» **STORED DATA**:
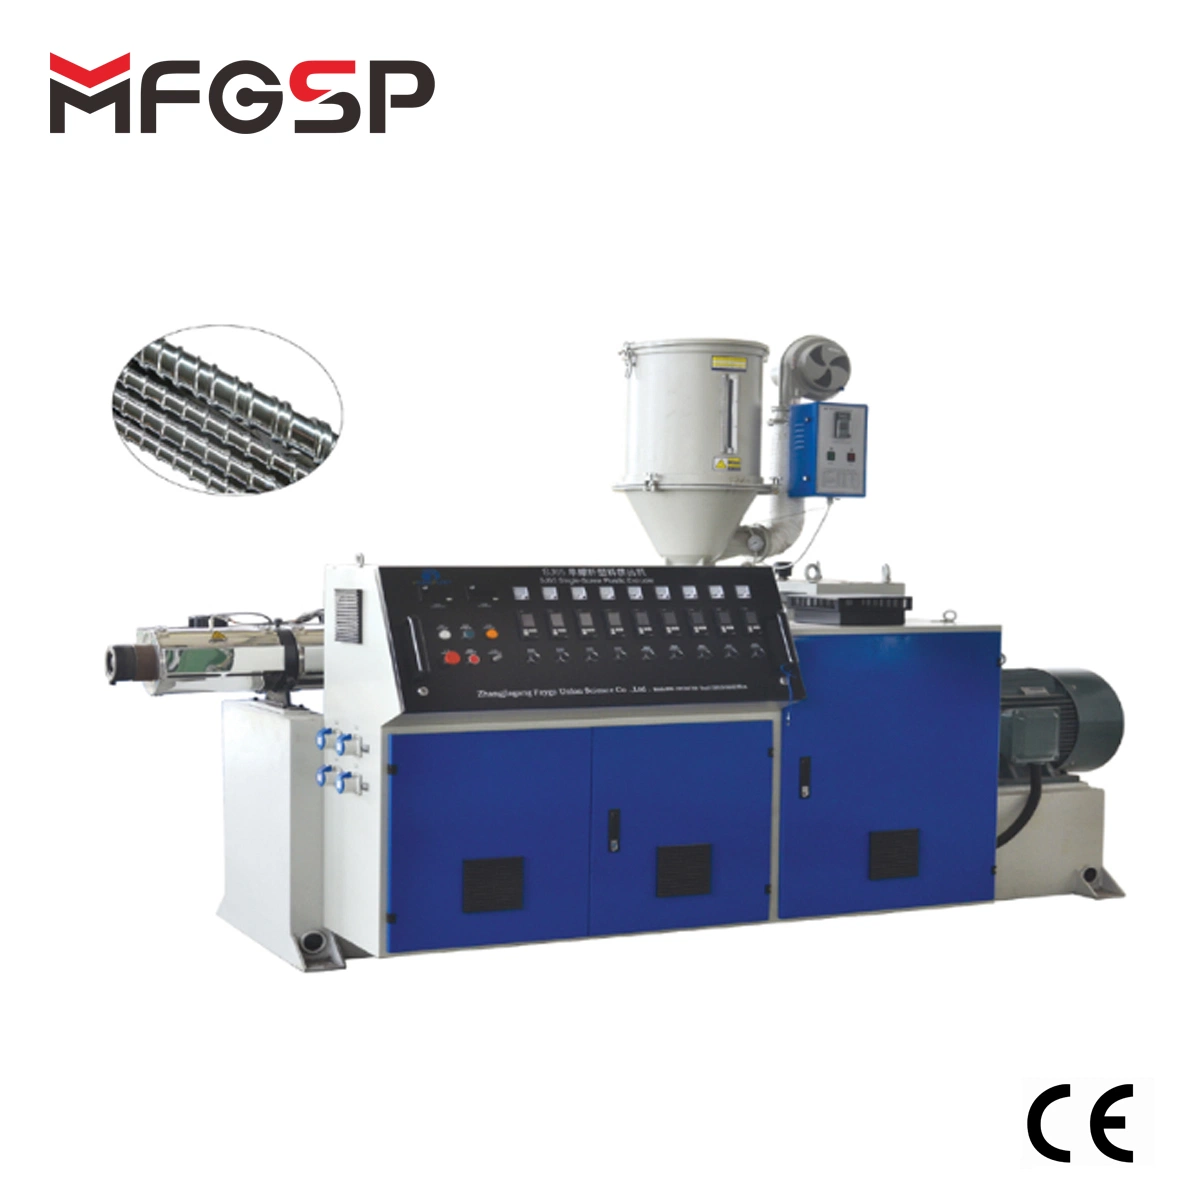 High output Stable extrusion pressure Low cost Single Screw Extruder
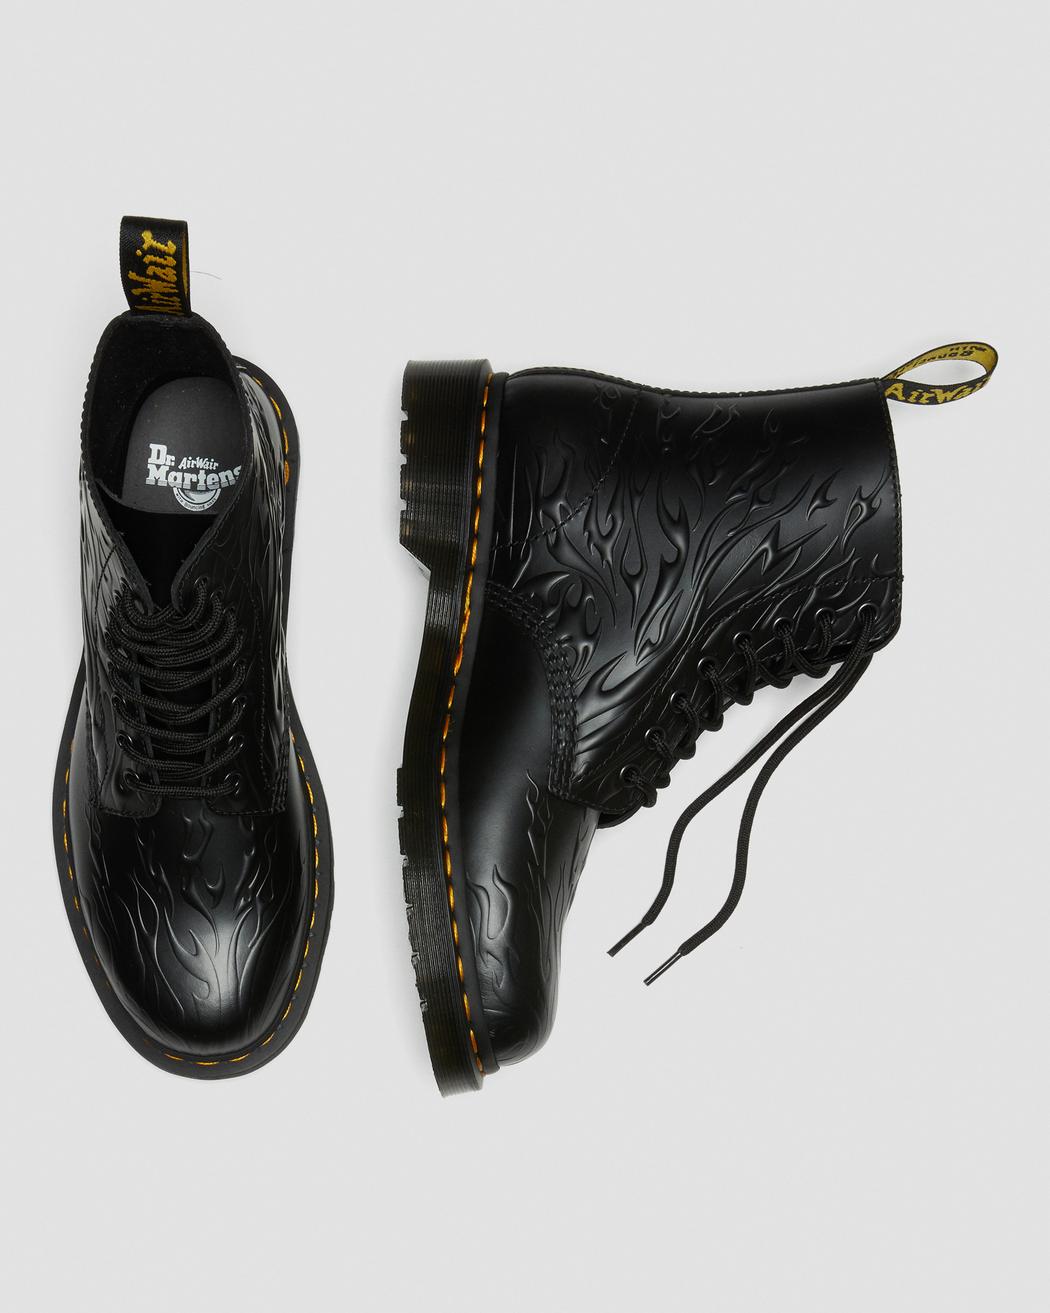 1460 FLAMES BLACK FLAME POLISHED SMOOTH BOOT
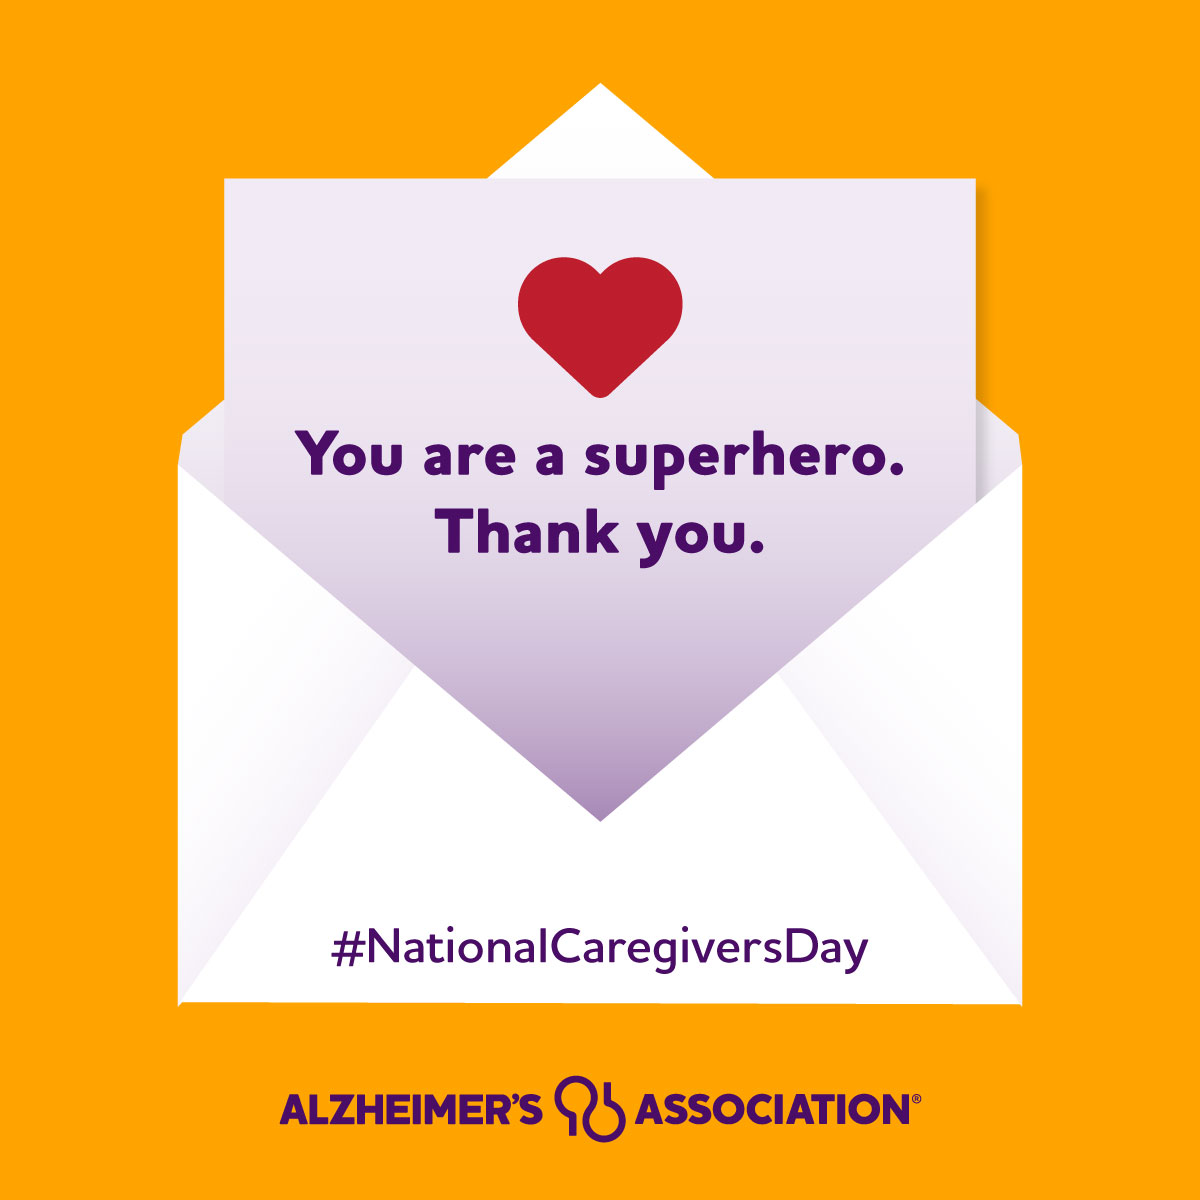 Share to thank a caregiver in your life in honor of #NationalCaregiversDay.

» **BRIEF**: Print the full listing above again with exact wording and no images.

» **WRITTEN ANSWER**:
 High output Stable extrusion pressure Low cost Single Screw Extruder
 1460 FLAMES BLACK FLAME POLISHED SMOOTH BOOT
 Share to thank a caregiver in your life in honor of #NationalCaregiversDay.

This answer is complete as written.